Posted at 12:14 AM, Sep 05, 2017
and last updated 2017-09-05 00:14:55-04

(CNN) - When Kensington Palace announced that the Duchess of Cambridge, Kate Middleton, is pregnant with her third child, it was also revealed that, once again, the duchess is suffering from acute morning sickness, a condition called hyperemesis gravidarum.

During a previous pregnancy, she was hospitalized because of the condition. It’s a serious condition that can impact the health of both mother and baby.

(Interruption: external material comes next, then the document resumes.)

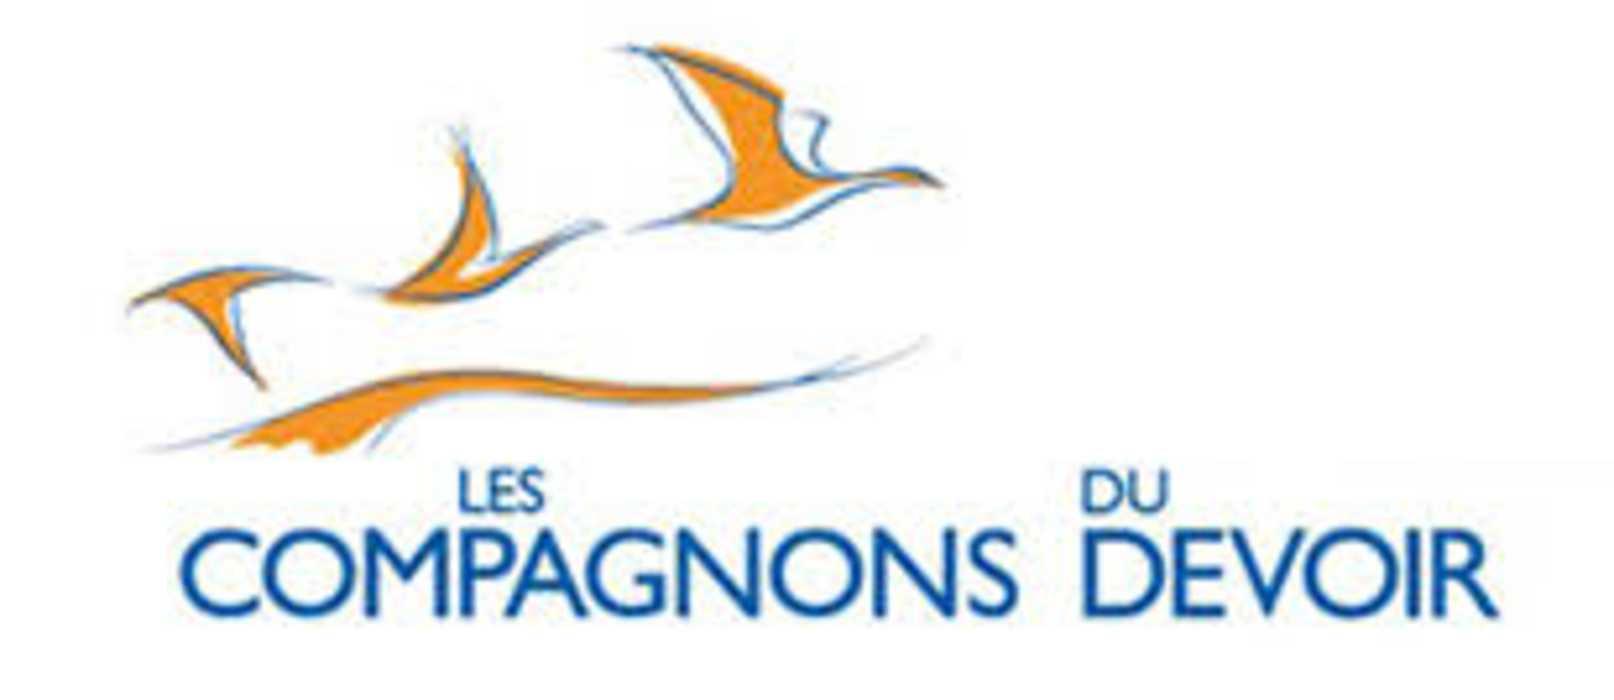 Les compagnons du devoir : 8 et 9 mars à Trégueux 0

Many pregnant women experience the nausea and vomiting of morning sickness, which usually peaks around week nine and disappears by week 18.  But with expecting moms with hyperemesis gravidarum, known as HG, the nausea and vomiting doesn’t go away.

HG can cause electrolyte disturbances because the mother can’t keep food or liquids down, Nutritional deficiencies and metabolic imbalances can cause headaches, extreme fatigue and confusion, so much that sufferers have difficulty with their daily activities.

In severe cases, HG can lead to weight loss greater than 5 percent of pre-pregnancy body weight, and sometimes 10 percent. In addition to the physical problems, HG can cause secondary anxiety and depression.

Mild cases of HG can be treated with rest, antacids and dietary changes. But severe cases can require hospitalization so the mother can receive intravenous fluid and nutrition.

The Hyperemesis Education and Research Foundation says the condition can have a profound effect on quality of life and result in financial disruptions due to medical care and lost work hours.